In past  attempts in knowledge management have resulted in many failures with knowledge management “platforms” and “repositories” that tend to quickly collapse under the weight of their own complexity. Most of these failed attempts have been nothing more than, still data silos where information is safe and organized but inconvenient to explore and share. What was once knowledge has become a fossilised information moment in time does not grow adapt or change through collaboration and sharing.

These large knowledge management platforms fail to make use of the key factor that defines effective information collaboration, quality of user participation. A firm’s knowledge is scoially embedded and evloves over time along unpredictable paths making it diffcult to share and organise. Once the kowledge has been removed or detached from the indvidual  and stored in a static system, it is no longer knowledge and becomes informatio.

In the past Western managers and organisations have tended to choose an IT-Centric Top-Down approach, but Nonaka [1998], Sveiby [2000b] and Takeuchi [1998] argue that what succeeds is a people-centric approach, from the bottom-up, but properly encouraged and supervised from top management.  In the other words, giving people with knowledge the space and freedom to correlate the knowledge without being encumbered by technology and preconceived ideas of knowledge structures.

Current web 2.0 technologies are promising to provide users with an open, shared, personalized, multi-dimensional interactive knowledge management platform.

The effort to make use of social media and to seamlessly integrate social media into users’ daily learning and working has turned out to be one of the key challenges for the design and development of many knowledge management systems.

Social media networks already support the aggregation and sharing of information in a fluid manner. It also encourages people to contribute and to feedback. All are important elements for getting knowledge management to work.

Most knowledge is human dependent which is what makes it knowledge which in turn makes it more difficult to detach from its source. It is based on personal understandings and collective construction. This makes knowledge’s roots social as each person is a social individual within a social environment, in this case the organisation. Organisations need to see content as a “social object” and not as static fossilized Information.

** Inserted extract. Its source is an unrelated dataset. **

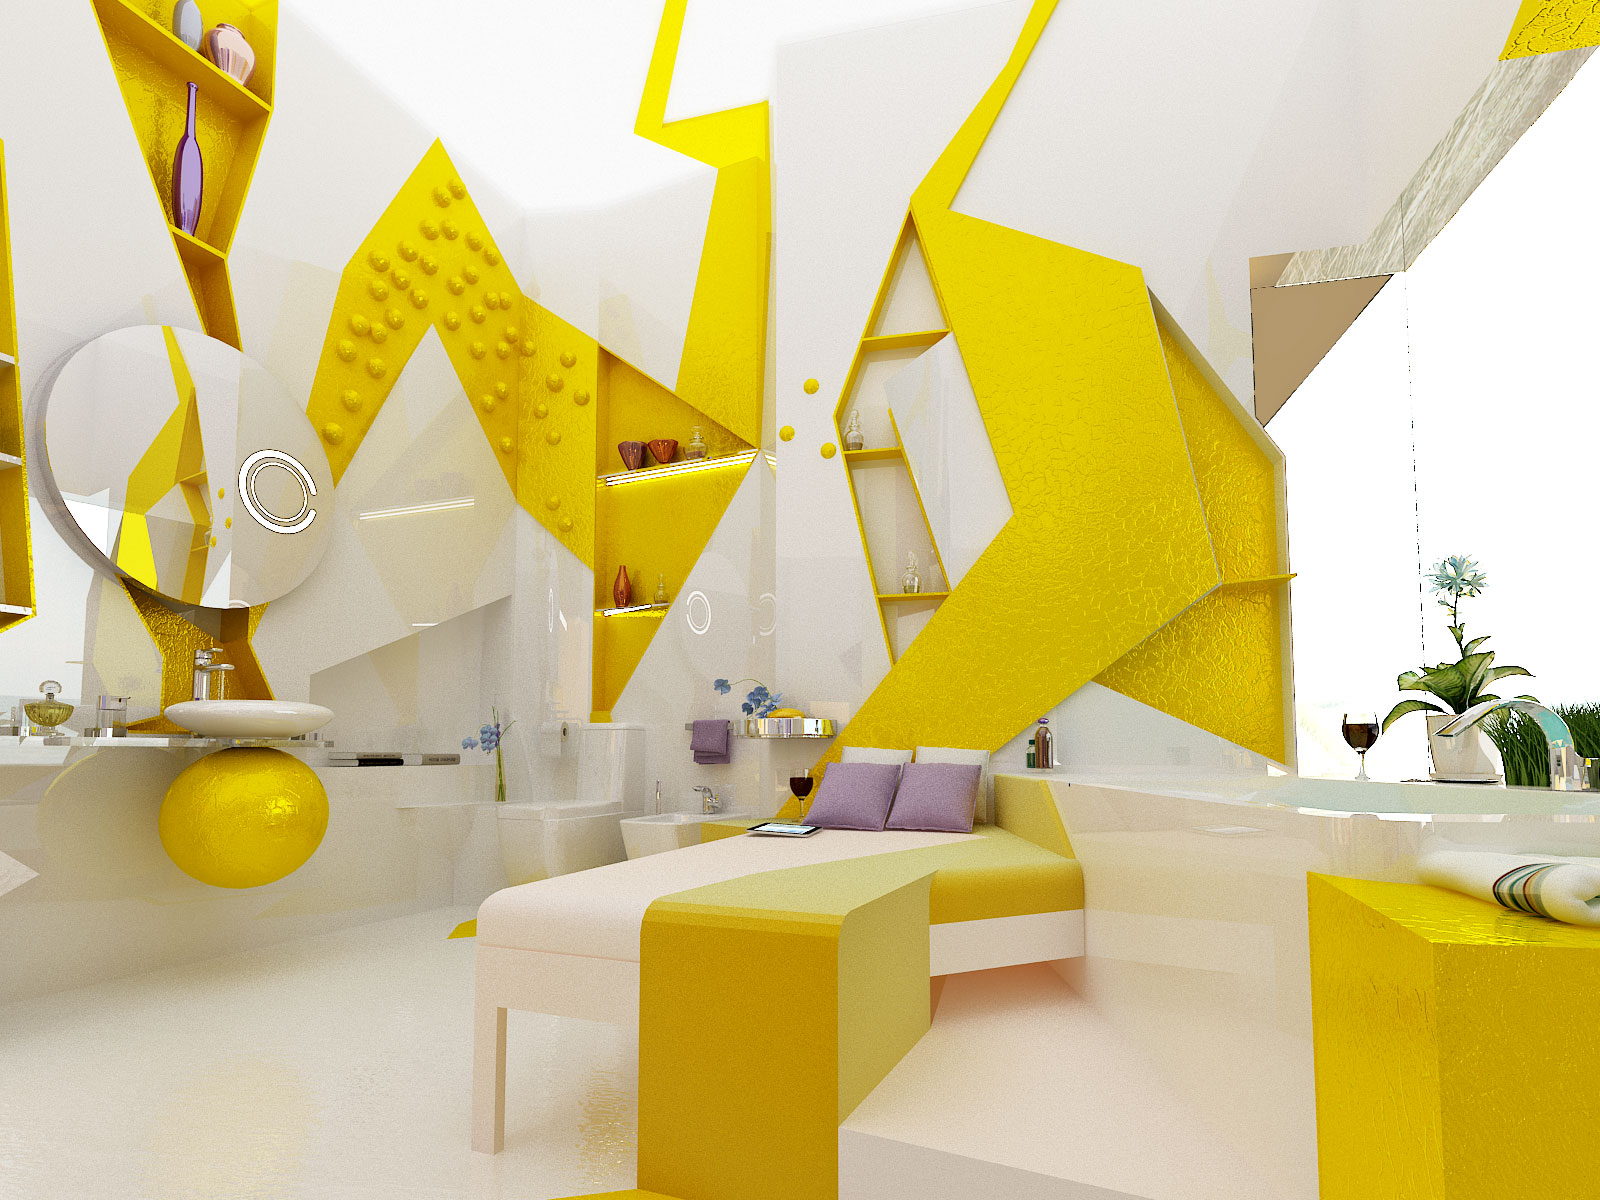 Stunning-Bathroom-Designs-by-Gemelli-Design-6

It is instead a highly social artefact that takes on a life of its own based on its interaction with the communities around it. Knowledge increment occurs with honesty, trust, responsibility and openness .It endows knowledge with wider and deeper social values.  The current  social web 2.0 platform can already supply all of these requirements.

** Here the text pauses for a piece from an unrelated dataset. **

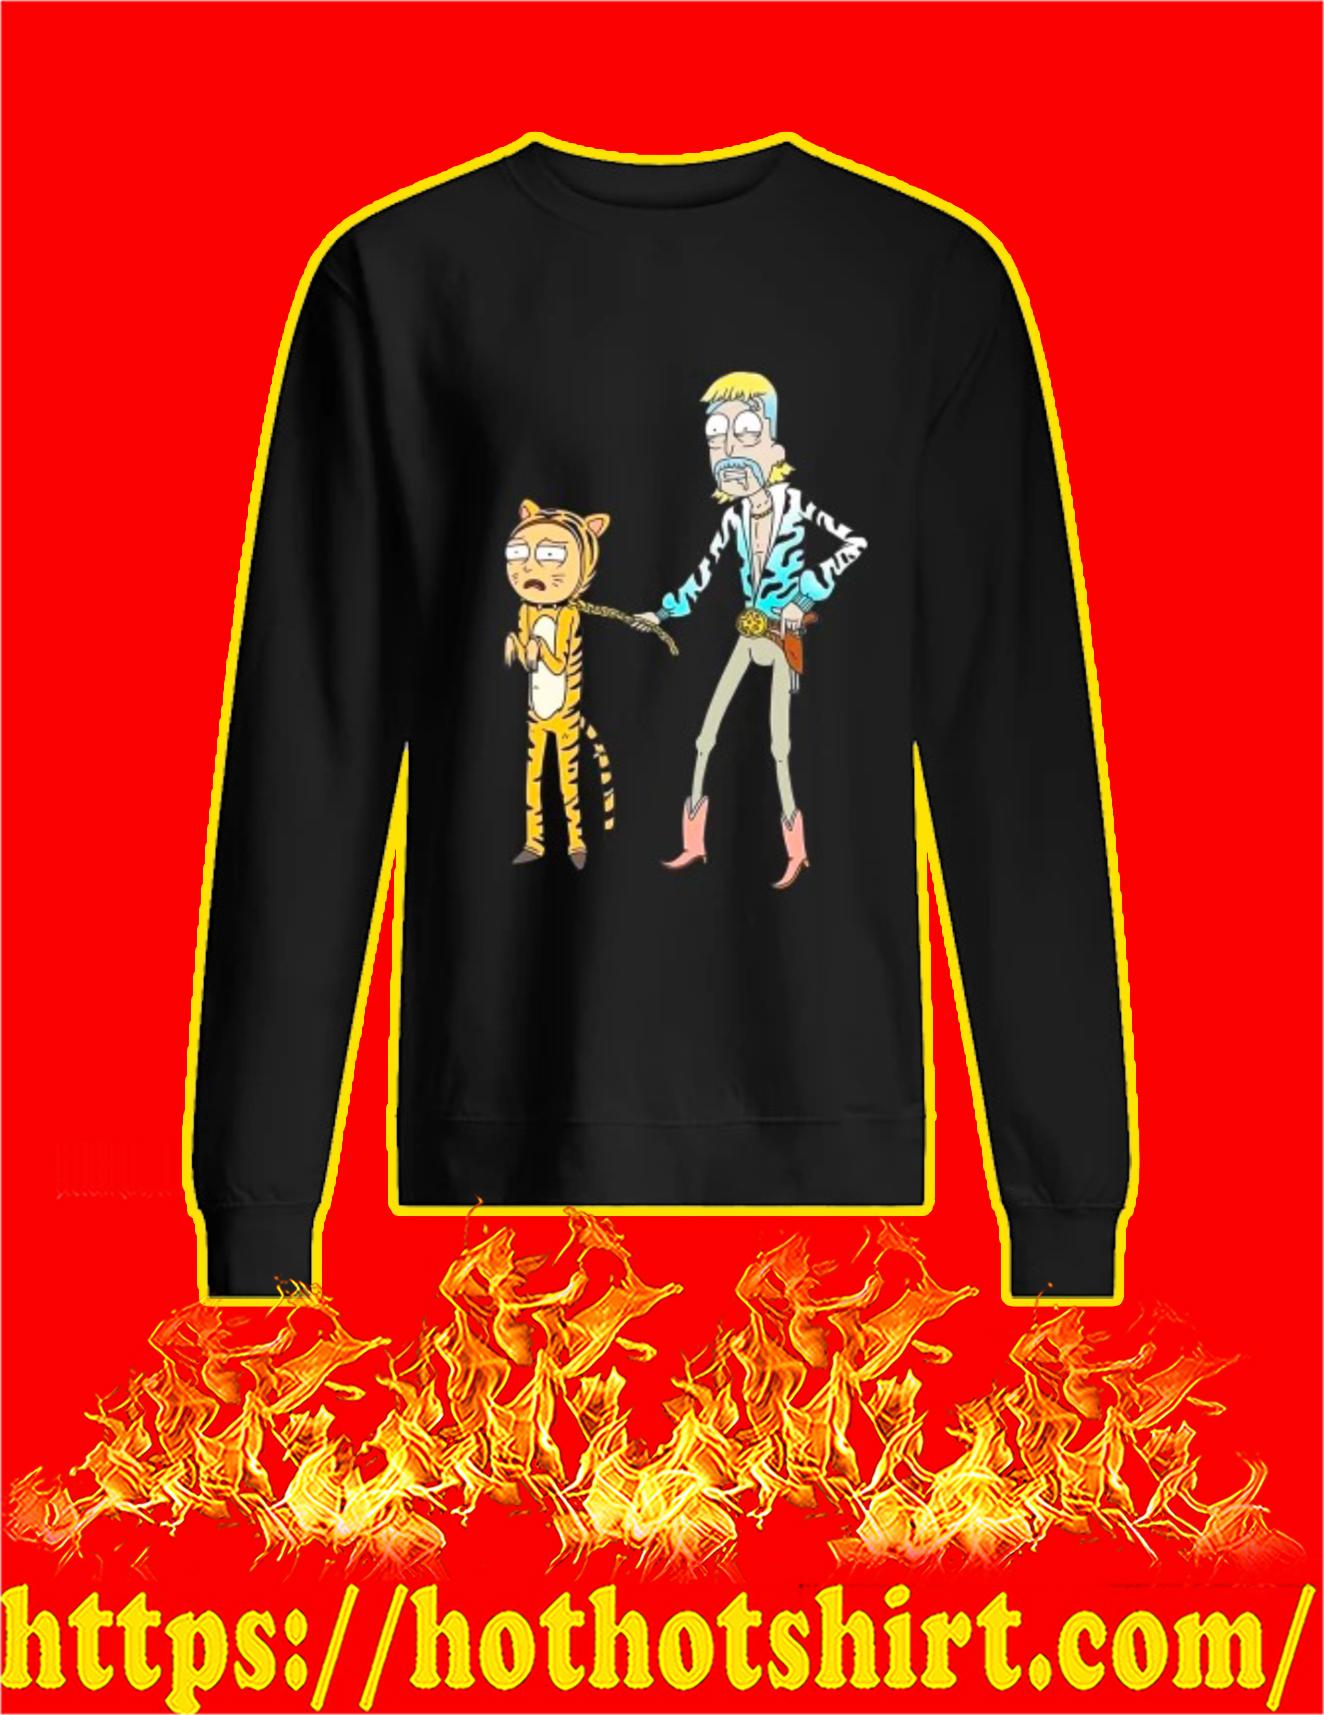 Rick and Morty Tiger King t-sweatshirt

Social media is able to support knowledge evolution in two aspects.  Firstly social media is bottom-up supporting a personalized experience through customisation, publication, style of presentation, sharing etc, this deals with the problems experienced by early knowledge management systems which used a  down predefined hierarchical structures . Tools are already in place which allows users share knowledge in diverse meaningful ways, not only are these tools in place but the knowledge of how to use them effectively is also in place. The new skills barrier and resistance to one element of organisational change has already been overcome.

Secondly it allows social cues through additional information such as date published, views, author’s background and standing within the community, amount of posts etc. These can also work for the author as they can actively see how many people are viewing there content and where it is being distributed. This in turn encourages them to publish more content. It also allows the exchange of the two sides to establish a trust relationship for more effective knowledge sharing, which in turn prevents the knowledge from becoming static.

Social media platforms can be seen more as an active creation space whereas knowledge management systems desperately try to persuade participants to invest time and effort to contribute existing knowledge with the vague and long-term promise that they themselves might eventually derive value from the contributions of others. In contrast, creation spaces focus on providing immediate value to participants in terms of helping them tackle difficult performance challenges while at the same time reducing the effort required to capture and disseminate the knowledge created.